Услышав недовольные замечания среди своих людей, Лахлан обвел толпу взглядом, заставившим всех замолчать, а затем снова посмотрел на Эванджелину. Она стояла, высоко подняв голову и выпрямив спину, но ее вызывающая поза не могла обмануть Лахлана, он видел глубже. Намерение держаться на расстоянии от Эванджелины отступило перед желанием успокоить ее — и Лахлан взял ее изящную руку в свою.
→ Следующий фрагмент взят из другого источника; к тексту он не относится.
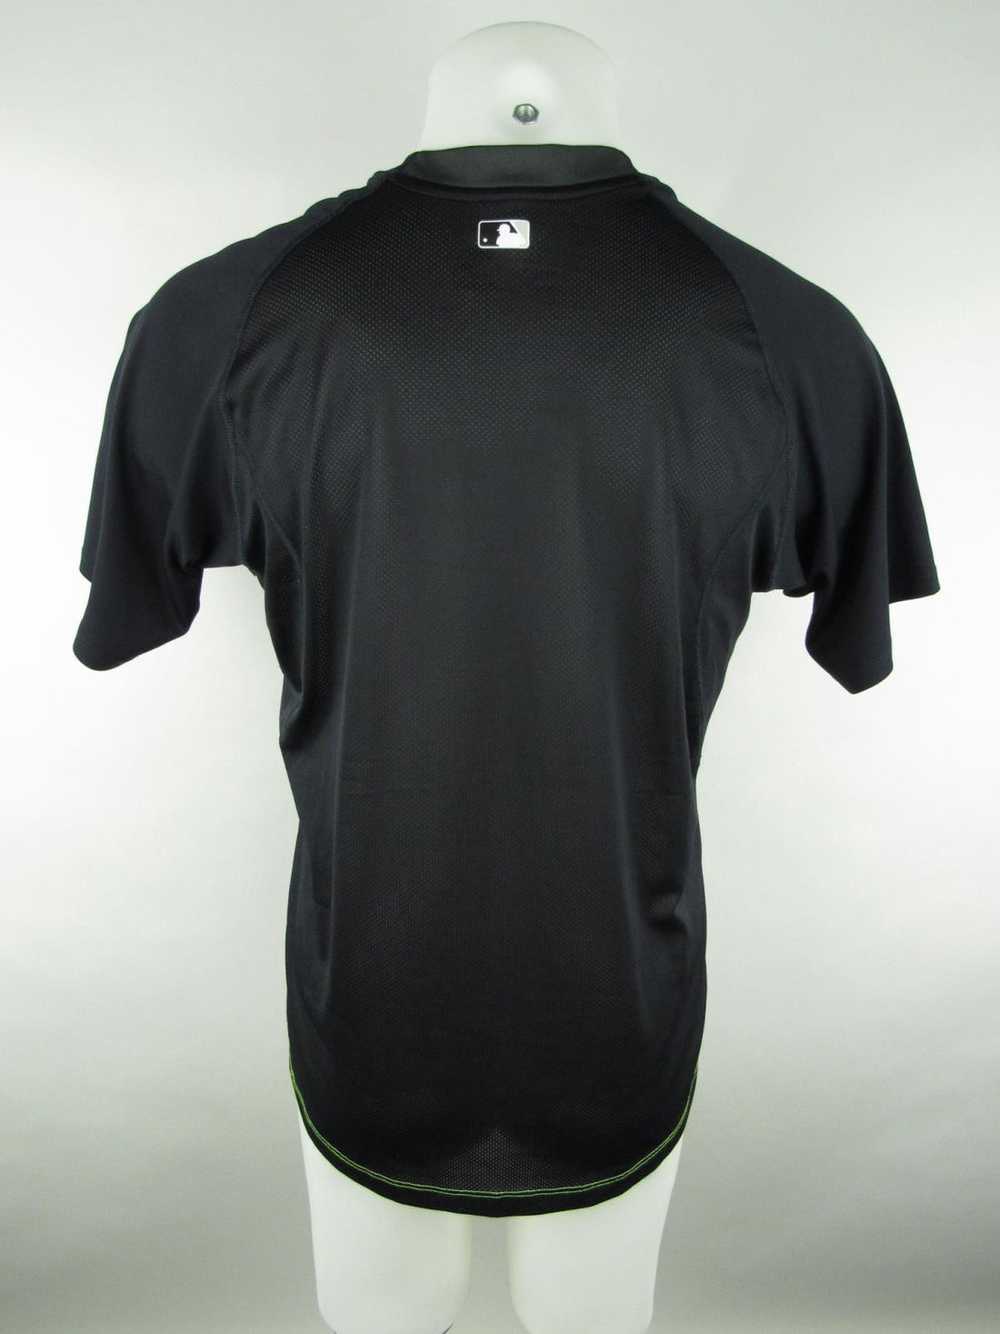 Nike Pro Cool Shortsleeve Training Men's T-Shirt Carbon Heather/Black  703094-091

Когда Бродерик спросил, знает ли кто-нибудь о каких-то причинах, по которым этот союз не может быть заключен, Лахлан вряд ли заметил секундное замешательство Эванджелины, потому что в этот момент ему на ум пришло несколько просто великолепных причин.
Но, понимая, что уже слишком поздно отступать, он сказал «нет» одновременно с Эванджелиной.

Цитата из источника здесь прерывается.